Meta has also invested $5m in media literacy initiatives ahead of the midterms, including fact-checking services on WhatsApp after the app was identified as a large source of misinformation in 2020.

YouTube says it applies its misinformation policies globally, “and we apply them consistently regardless of the language”, according to spokesperson Elena Hernandez.

YouTube also employs humans to assist its artificial intelligence-led moderation system, with more than 20,000 people around the world working to review and remove content that violates its policies, including Spanish-speaking employees, Hernandez said. She declined to share how many employees are able to moderate non-English languages.

Twitter is working with organizations such as National Association of Latino Elected and Appointed Officials and Mi Familia Vota to promote voter registration, a spokesman said, in addition to misinformation efforts in English and Spanish. It is also working with Spanish Language Disinformation Coalition to inform its policies on misinformation ahead of midterms.

“Our goal is to preserve space for robust debate while ensuring people have the context and control they need to make informed decisions about the content and accounts they see and engage with on Twitter,” said Twitter spokesperson Lauren Alexander.
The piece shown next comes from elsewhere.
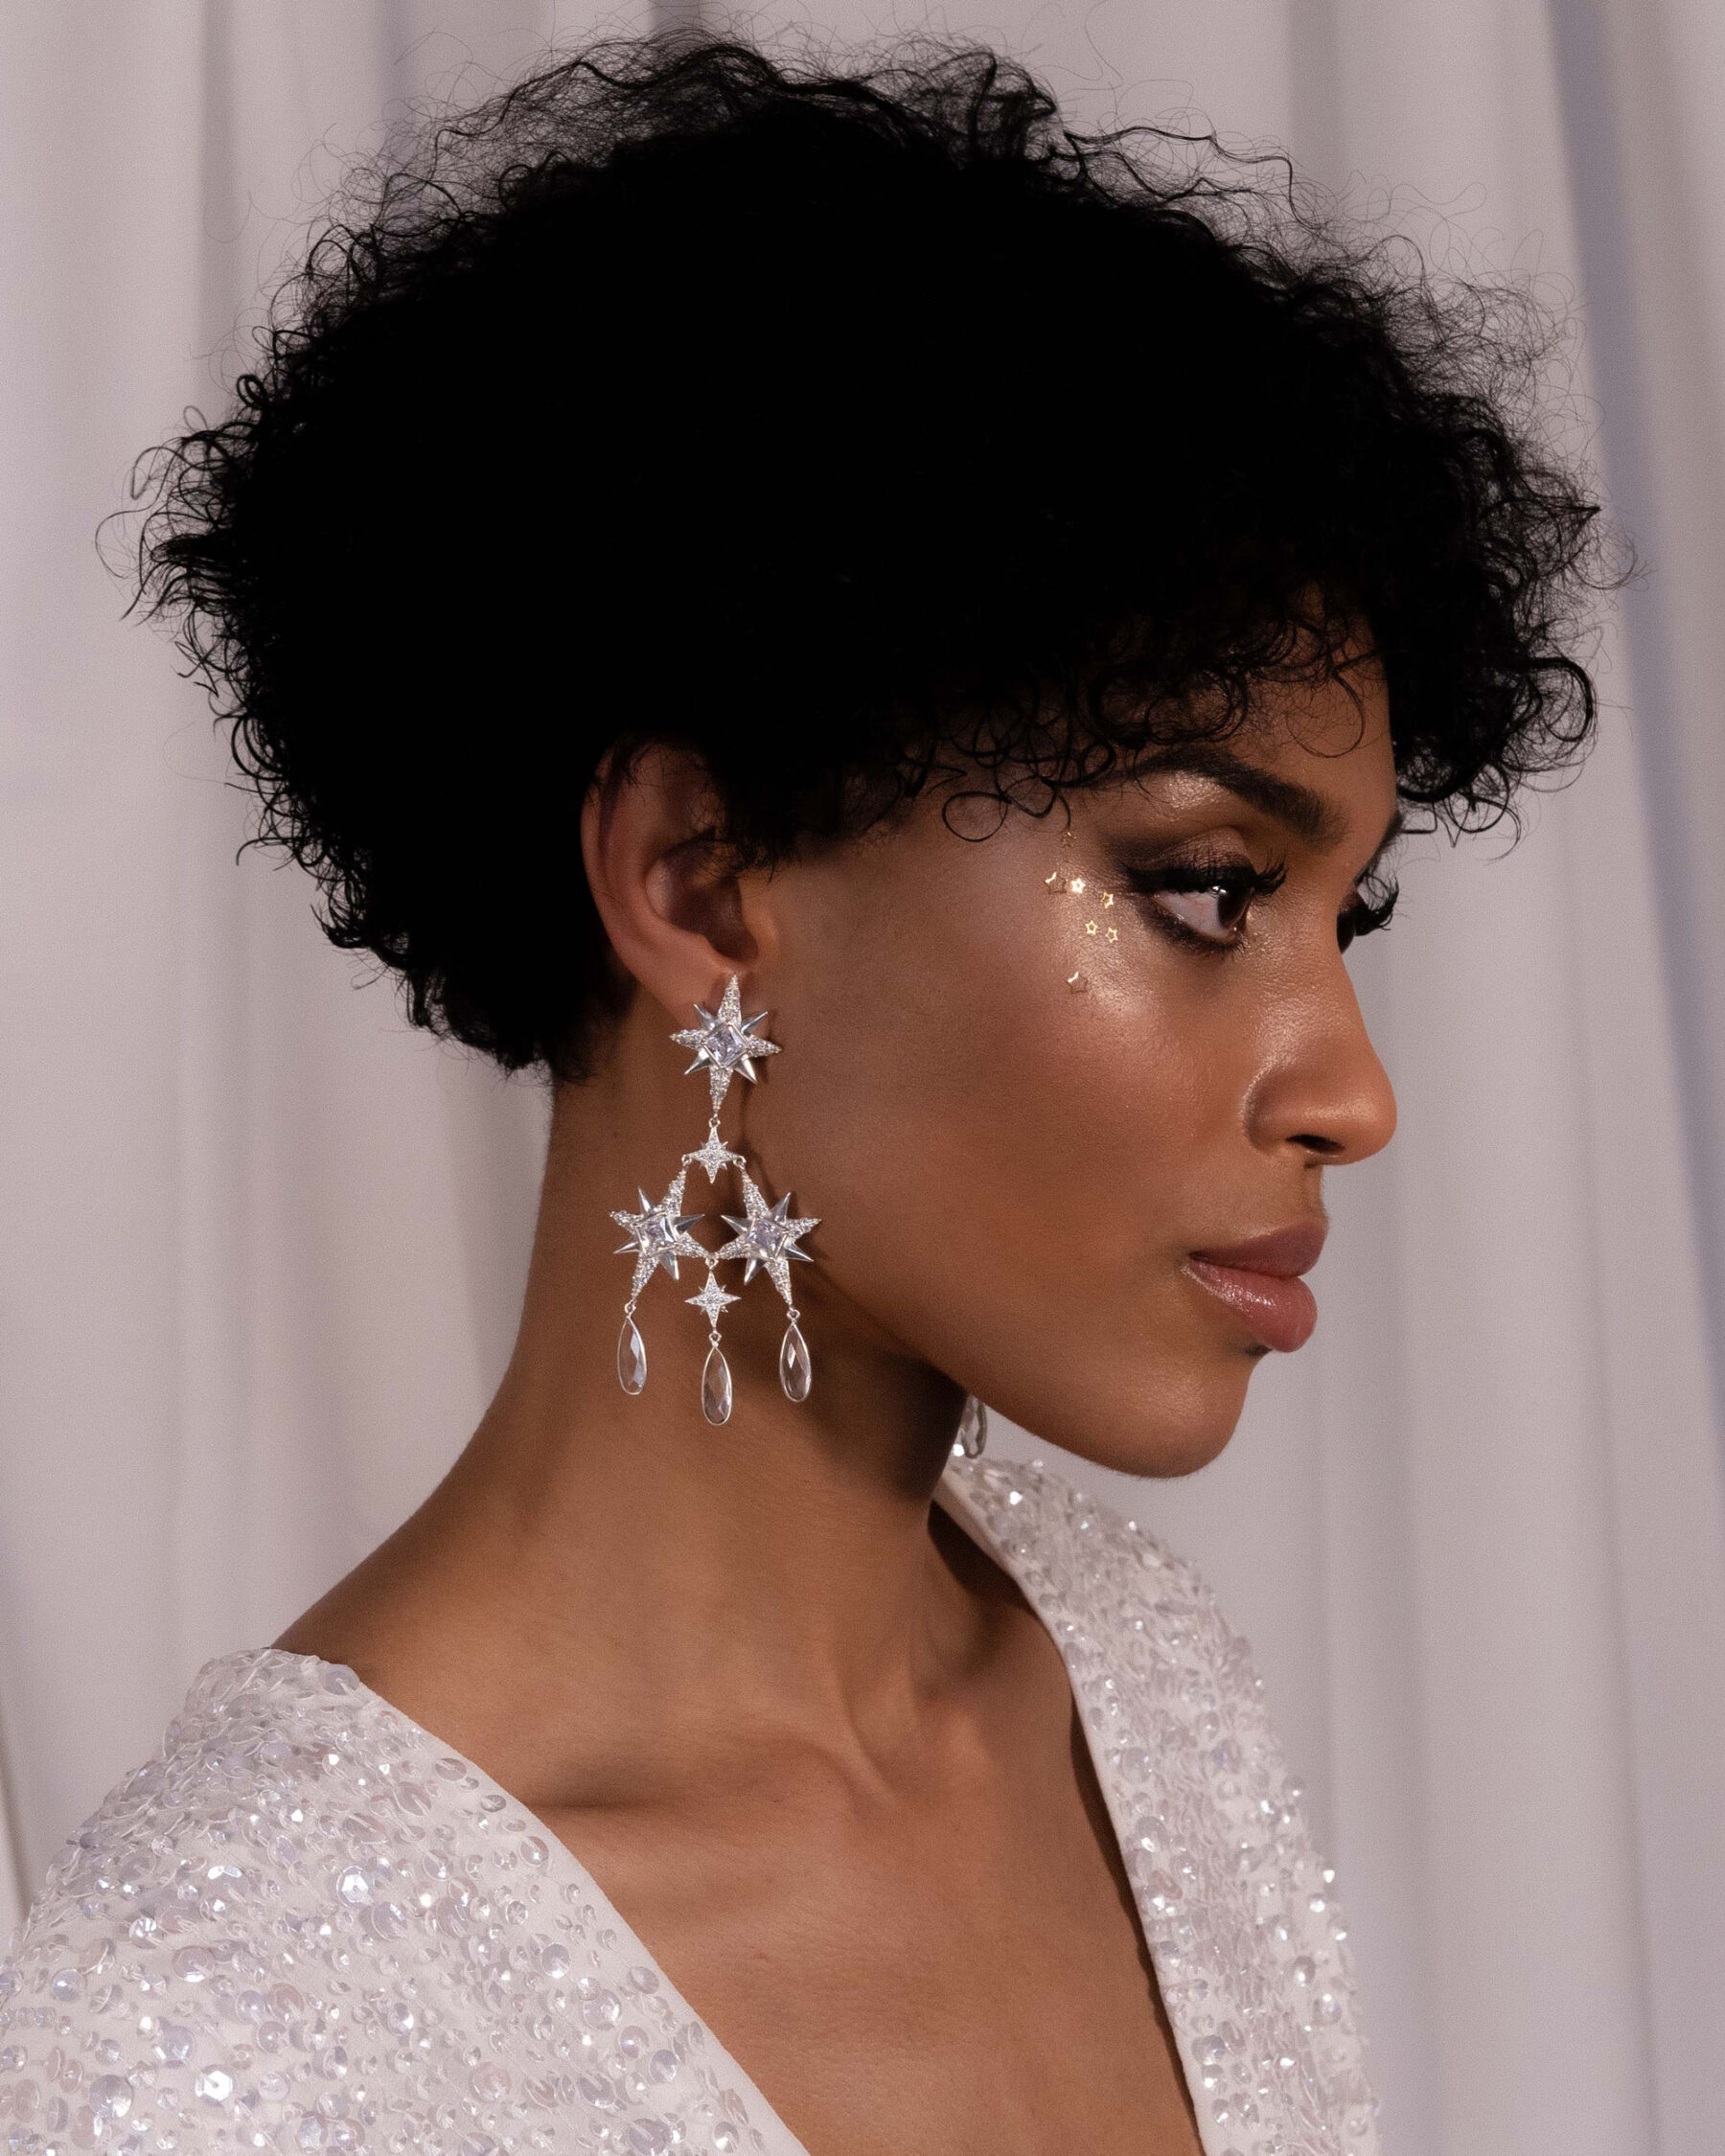 Victoria Percival - black model wearing statement starry and celestial earrings.

Twitter declined to share how many human moderators it employs, or how many of them speak Spanish.

Meanwhile, TikTok has launched an election center in more than 45 languages to flag inaccurate content and connect users to authoritative information, said Ben Rathe, a TikTok spokesperson.

“We take our responsibility to protect the integrity of our platform and elections with utmost seriousness,” he said. He declined to share how many human moderators the company employs.

  • This story was amended on 6 October 2022 to correct that Mariana Ruiz Firmat works with Kairos, not Color of Change.